Step 1 – Stand and feel what it feels like to stand. What sensations do you feel and where do you feel them? How do you feel gravity? What hurts or feels tight? Where do you feel tension? Can you identify any areas that are hotter, cooler, numb, tingling, sensitive or agitated? Give it a minute or so. Just stand and feel. What feels good, nurturing or rejuvenating?

Step 2 – As you stand, take a mental and emotional inventory. What are the qualities of your emotions? How does it affect your ego when you stand? What mental stories do you generate? What emotions percolate up into your consciousness? Continue this awareness meditation for a minute or two.

Step 3 – Stand and lean forward by shifting your hips forward (not by bending at the waist). You should feel the weight shift to the front of your feet. Find the place where your position is critical, the tipping point where if you lean a little more you will fall forward. Hover here and play with the edge, see how close you can get and then allow yourself to go a little too far. Make sure you are breathing normally or a little deeper than normal. The tendency will be to hold your breath.

Step 4 – See if you can connect with your two minds, the one that wants to challenge your edge and the other one that wants to stay put. Which one feels more dominant? Which is louder? Which is more fearful? Which feels more familiar?

Step 5 – Spend some more time teetering at the edge and see what you can relax physically. How little effort can you employ, how little contraction and tension is necessary to maintain the edge? Are you remembering to breathe?

Step 6 – As you are able to physically relax, see if you can allow yourself to mentally and emotionally relax at that edge. Give this some time, feel for the quality of allowing.

Why it Matters - This full-body movement highlights an obvious edge, either you balance or you fall forward. It will give you a felt sense of the isometric tug-o-war that goes on in your subconscious mind. Do it for long enough and your mind will create tons of stories on why you should stop, your emotions will heighten to the point of overwhelm, and your physical body will signal its growing displeasure.

Everyday Usability - The same exact thing is happening on a much smaller scale in every action, reaction, decision, and non-decision you make. It is happening in every conversation, interaction, and relationship. As you increase your subtle awareness, you will recognize the internal struggle, be able to quiet the storm, and then take the most beneficial action.
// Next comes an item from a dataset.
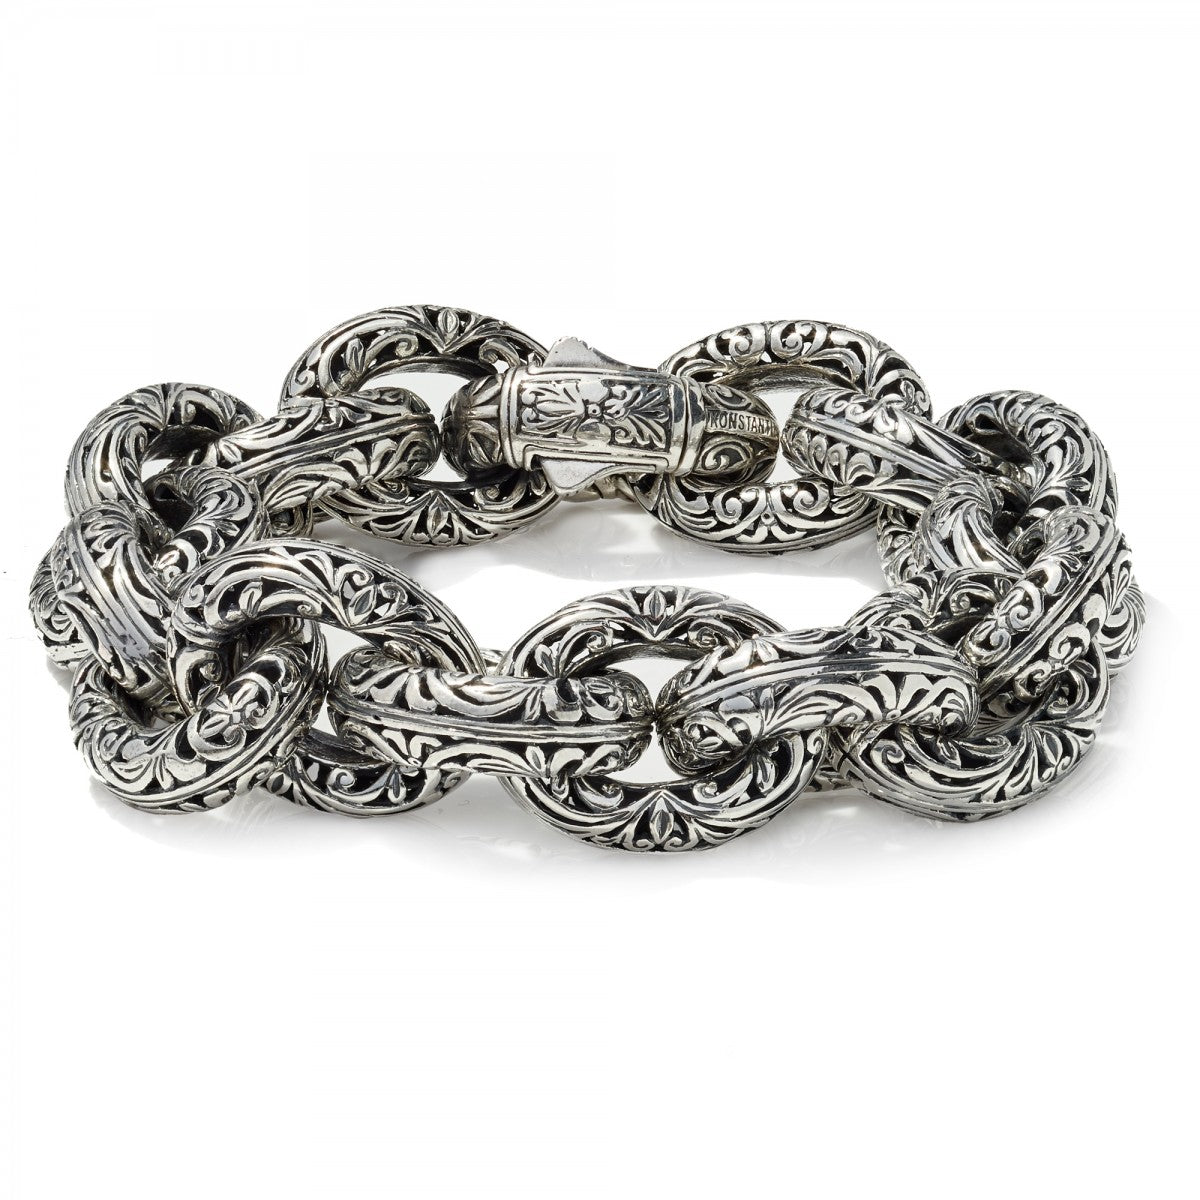 Konstantino Women's Sterling Silver Etched Link Bracelet, 7 Inches

Progression - The next level is a walking meditation that helps you find, feel, and embrace your center. It will challenge you to walk in a new and challenging way.

 

 

Sit and Unwind, Layer One, Level Two

Step 1 – Sit comfortably (Chair, floor, or sofa, but be comfortable. If you are in a chair, don’t rest your elbows on anything, let them hang. Posture is important but secondary to being relaxed.)

Step 2 – Take a Current30 (Spend 30 seconds being aware of your current situation, environment, disposition)

Step 3 – Begin Exhaust/Purge Breathing (Inhale deeply and exhale with mild force. As you inhale encourage yourself to relax. As you exhale, feel yourself venting tension) Continue for 30 seconds focusing on relaxing your face, neck and shoulders with each compelled exhale.

Step 4 – Sequential Relaxation Level 2 – (Normal but deep breathing) Consciously relax your body as you breathe. Feel your whole body. Feel your emotional body. See if you can feel the weight of your emotions. Continue to breathe, continue to relax your physical body and connect to your emotions as a presence. Give this some time. Persist until you can feel the weight or presence of your emotional body. If you are having trouble, relax any demands you might be putting on yourself and be curious. Approach this exercise with a sense of wonder. When you sense your emotional body, go on to step 5. If you don’t, stop here.

Step 5 – Feel your feet, feel them physically and see if you can feel the emotional weight of your feet. Give it a few breaths. Be quietly and compassionately curious.

Step 6 – Feel empathy, affection and gratitude for your feet. Mentally thank them for their service.

Step 7 – Stop here or, if your schedule allows, continue by highlighting other body parts in the same way.

Step 8 – Take a Current30.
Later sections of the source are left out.